The researchers explained that these characteristics can be directly attributed to the fractal pattern.
"Our proposed fractal metasurface has the unique ability of supporting plasmonic resonances (free electron oscillations) over a wide spectral range in a polarization-insensitive way due to its complex and highly hexagonally symmetric geometry," Kildishev said. "Previously reported plasmonic-enhanced graphene photodetectors use simpler narrowband and polarization-sensitive structures, and therefore the enhancement is also narrowband and polarization-sensitive."
As previous research has shown, the reason that a fractal pattern can improve optical absorption is that the fractal metasurface creates additional resonances, with the amount of resonance increasing as the number of fractal levels increases. In addition, the researchers here found that the fractal metasurface confines and enhances the electric field of the light that hits the surface. This ultimately leads to a higher photovoltage generated in the graphene photodetector.
As Kildishev explained in more detail, there are two major mechanisms of inducing photovoltage in a graphene-based photodetector: the photovoltaic effect and the photothermoelectric effect. The photovoltaic effect uses the built-in electric field induced by differently doped regions in graphene to separate the optically excited electron hole pairs in graphene. The photothermoelectric effect drives the free electrons in graphene across regions with different thermoelectric powers (Seebeck coefficients), given a temperature gradient in between the two regions.

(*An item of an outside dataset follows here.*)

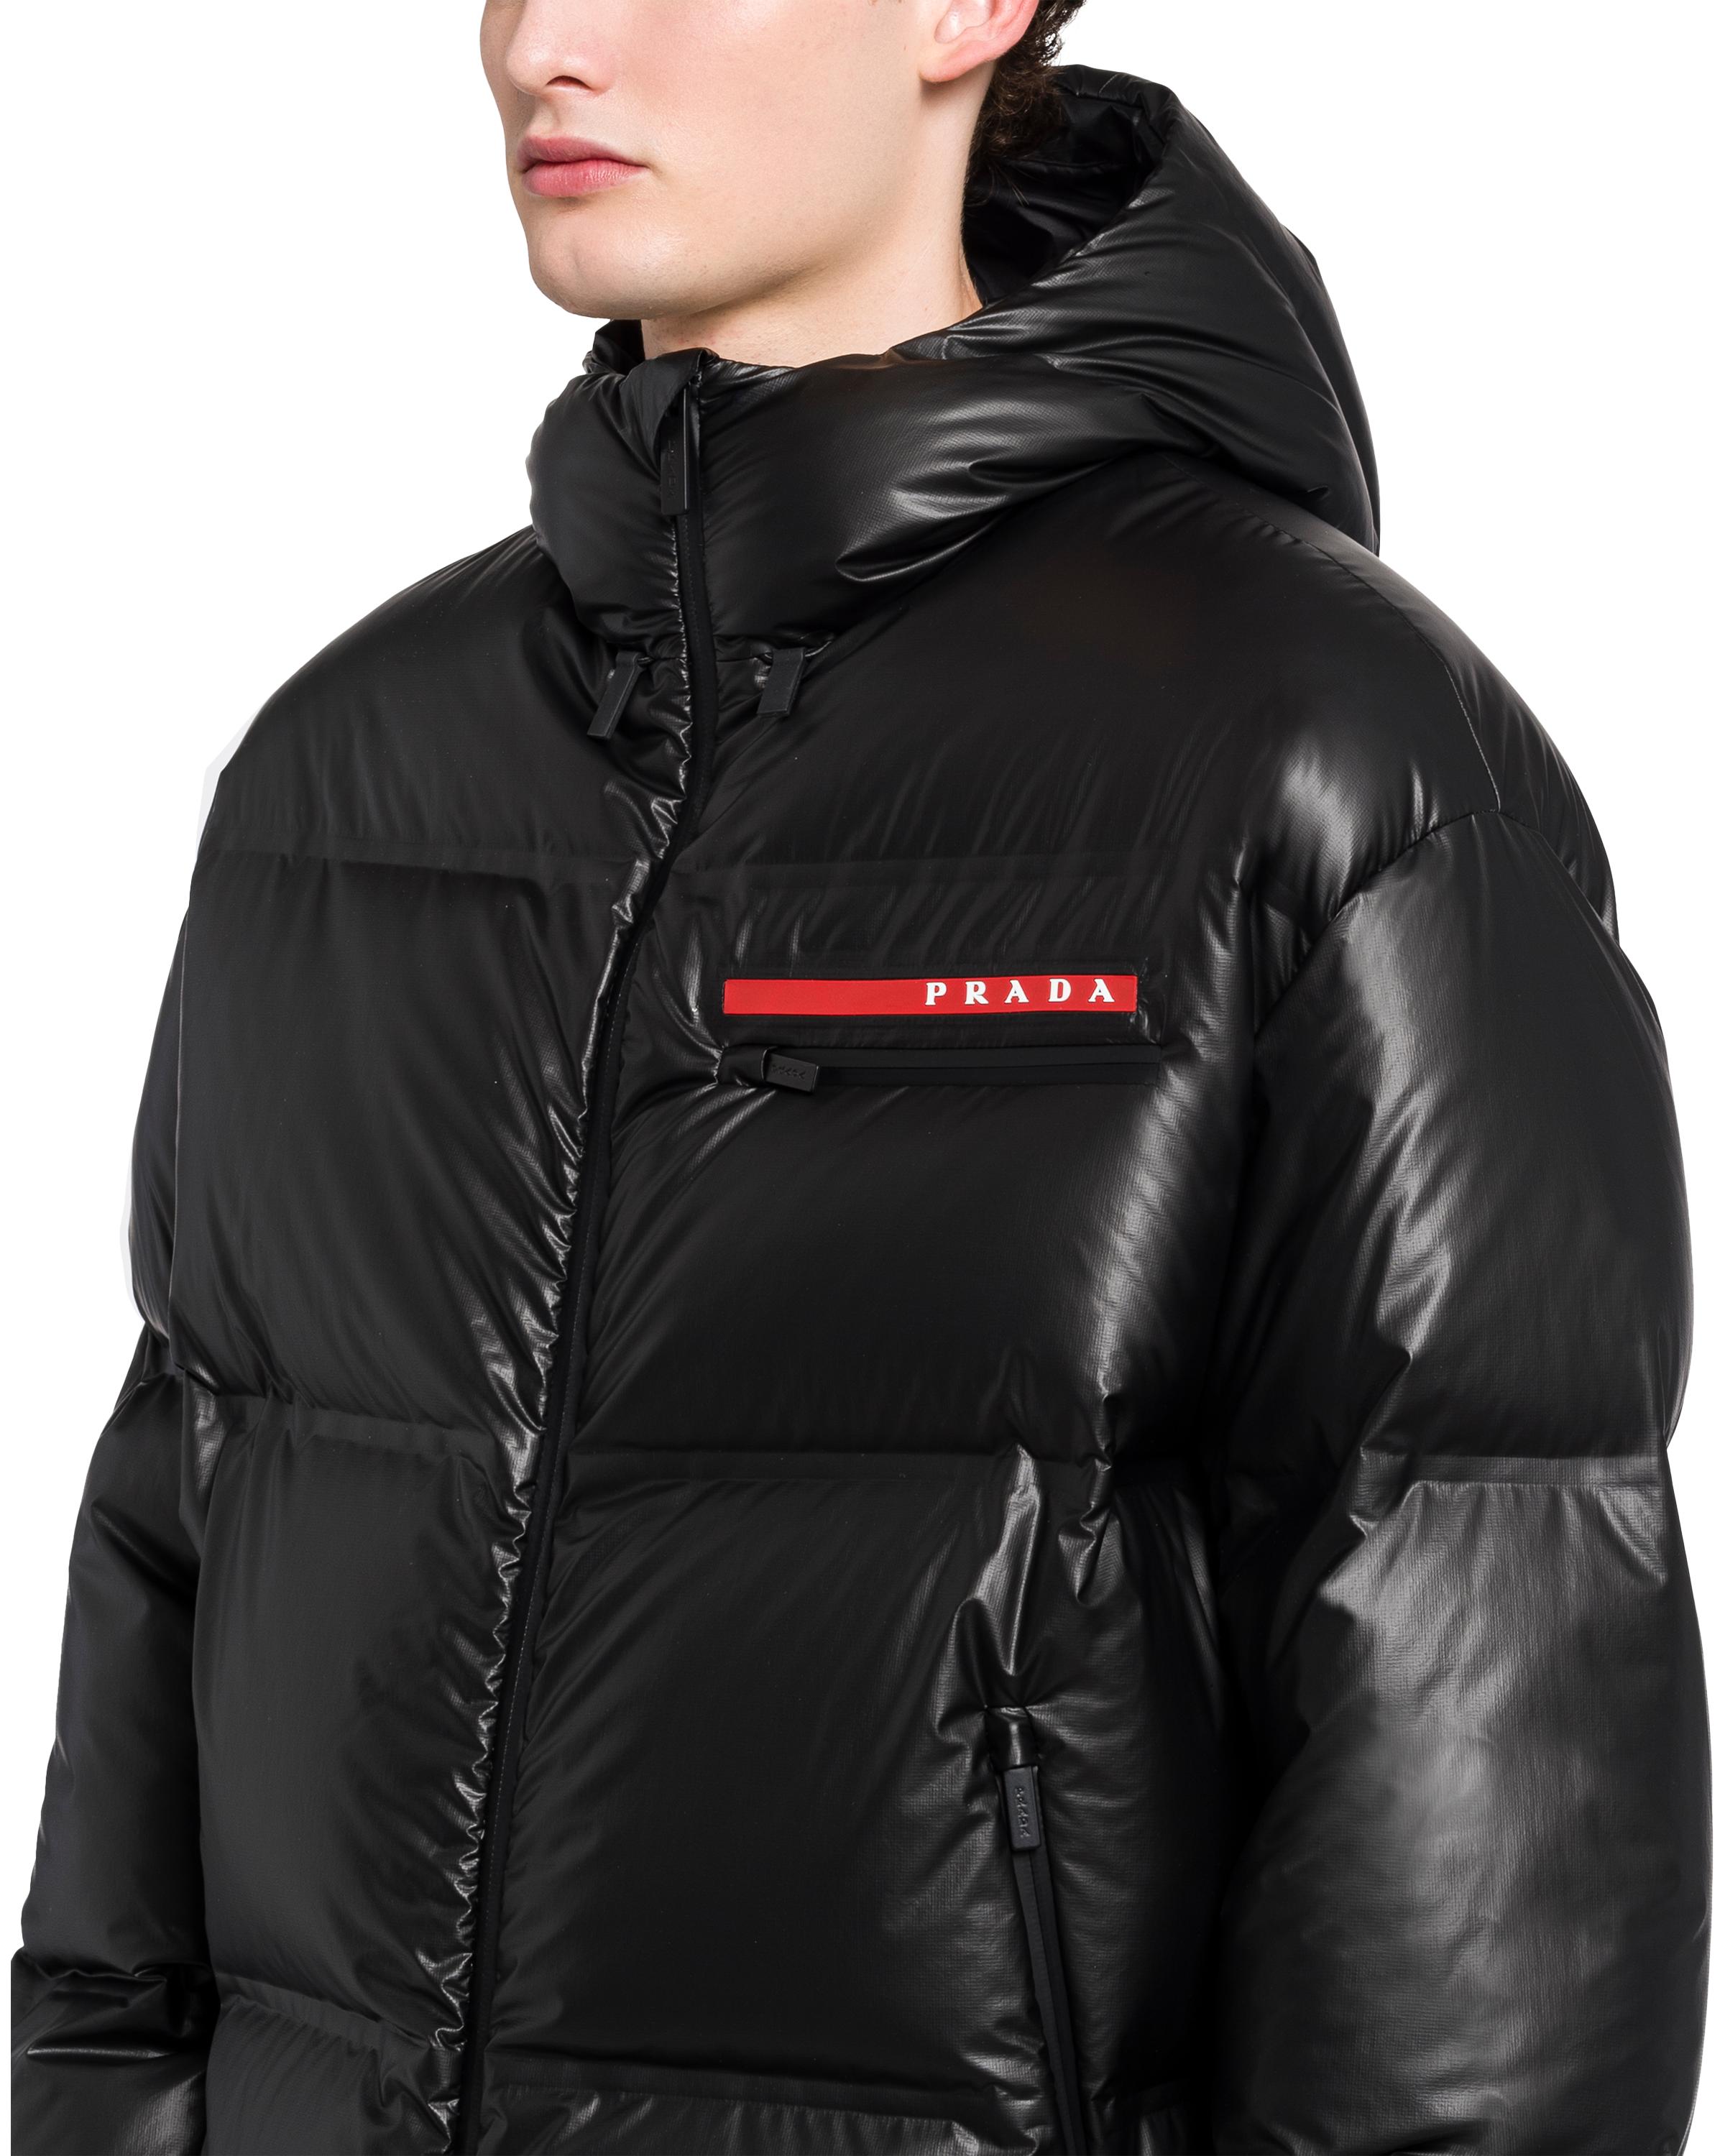 Prada Synthetic Light Nylon Hooded Puffer Jacket in Black for Men - Lyst

The fractal metasurface enhances both effects in graphene photodetectors by increasing the electric field intensity and by heating via incident light in highly confined spaces.
"The fractal metasurface enhances the photovoltage by making use of plasmonic resonance—free electron oscillations in gold under the excitation of light," Kildishev said. "This then confines the electromagnetic energy to ultra-small volumes, generating excessive electron-hole pairs in graphene which are then separated by the photovoltaic effect. The incident light also heats up the plasmonic structure to create a large temperature gradient across the metal/graphene interface, giving rise to a stronger photothermoelectric response."

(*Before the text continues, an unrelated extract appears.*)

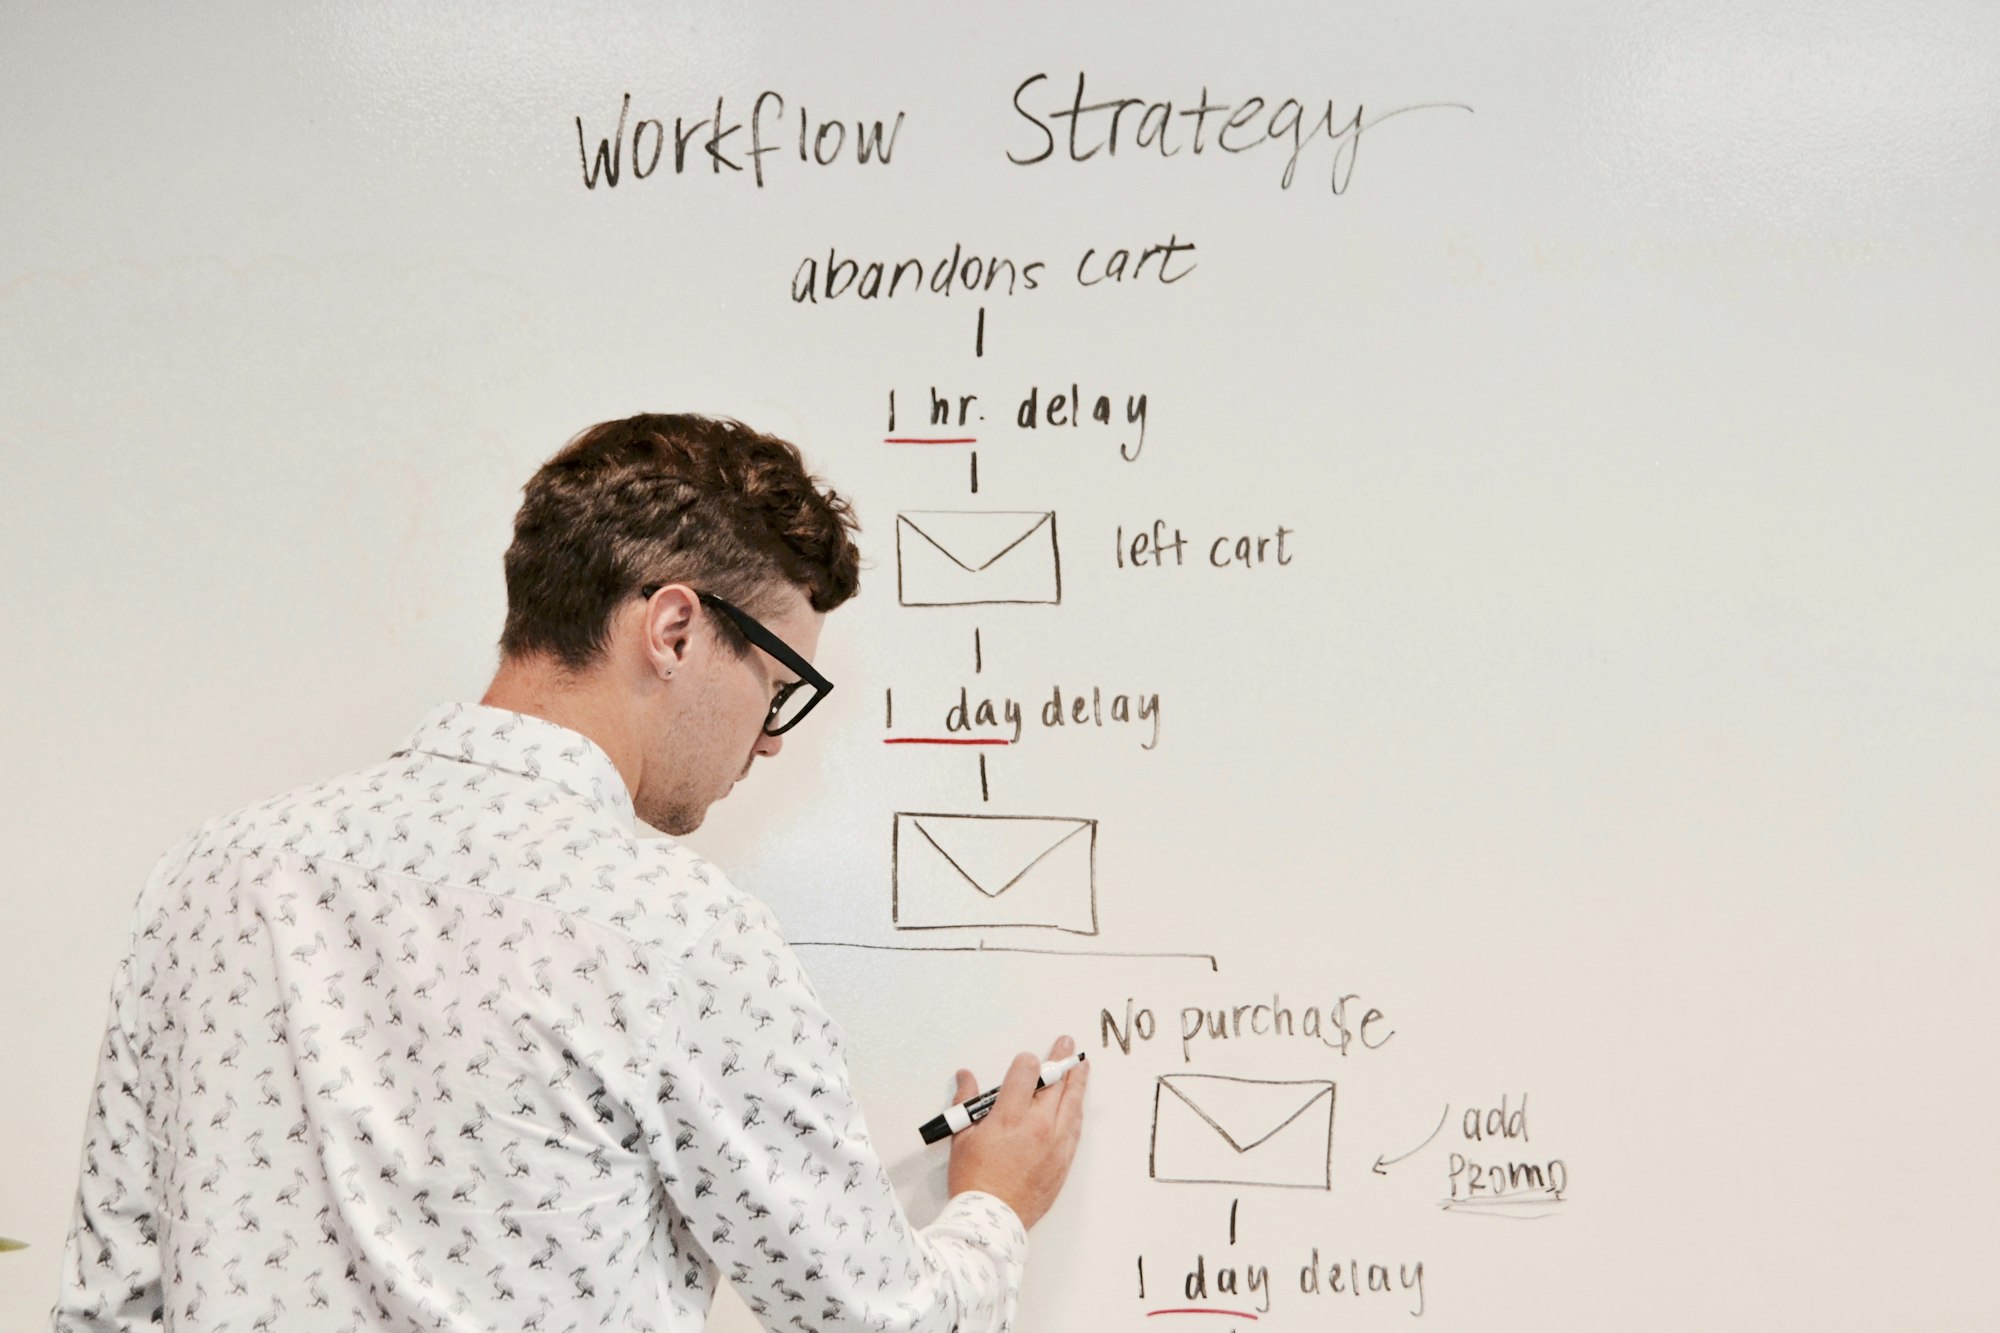 Marketing workflow strategy

In the future, the researchers plan to explore the potential applications of graphene photodetectors, which could extend beyond photodetection to photoharvesting, with applications such as solar cells and optical heating. Technologies that require a fast response could also experience significant improvements due to the graphene photodetector's fast operation speed.

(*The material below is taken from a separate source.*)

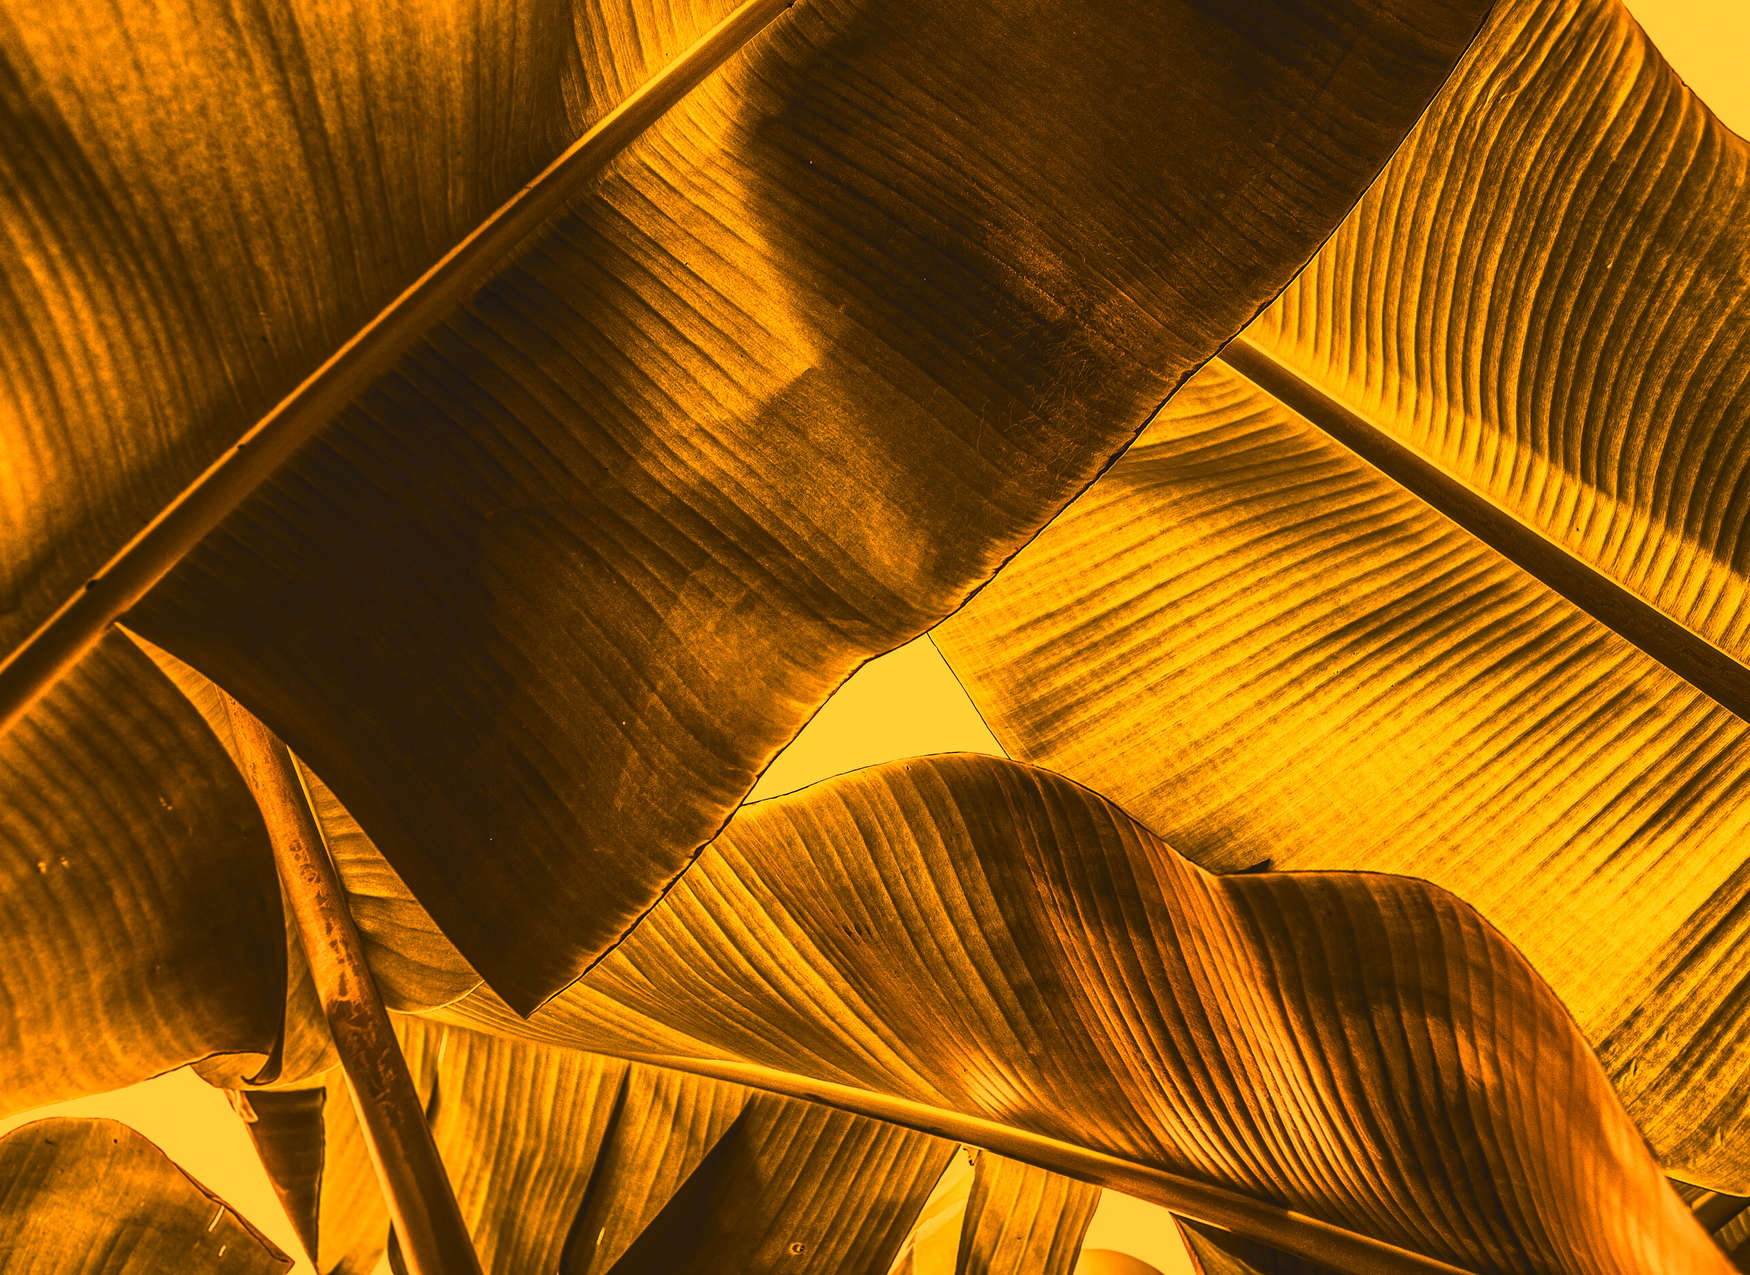             Detalle del cuadro de las hojas tropicales - Naranja, Amarillo

"One great attribute of the graphene photovoltaic/photothermoelectric detector is that it reacts to light at an extremely fast rate, thanks to the ultrafast electron moving speed (photovoltaic effect) and the ultrashort time the electrons need to give away heat (photothermoelectric effect) in graphene," Wang said. "Such response speed is unparalleled by other photodetection materials.
"Plasmonic enhancement has been known to sacrifice the ultrafast response speed to a minor extent. Therefore, plasmonic-enhanced graphene photodetectors are promising for all-optical modulator readout and other applications where response speed is key. Moreover, graphene has zero (or tunable) bandgap and uniform optical absorption in the entire electromagnetic spectrum. Therefore, graphene photodetectors can in principle be used to detect light of any frequency with identical sensitivity, which again is unparalleled by other detectors made of other photodetection materials."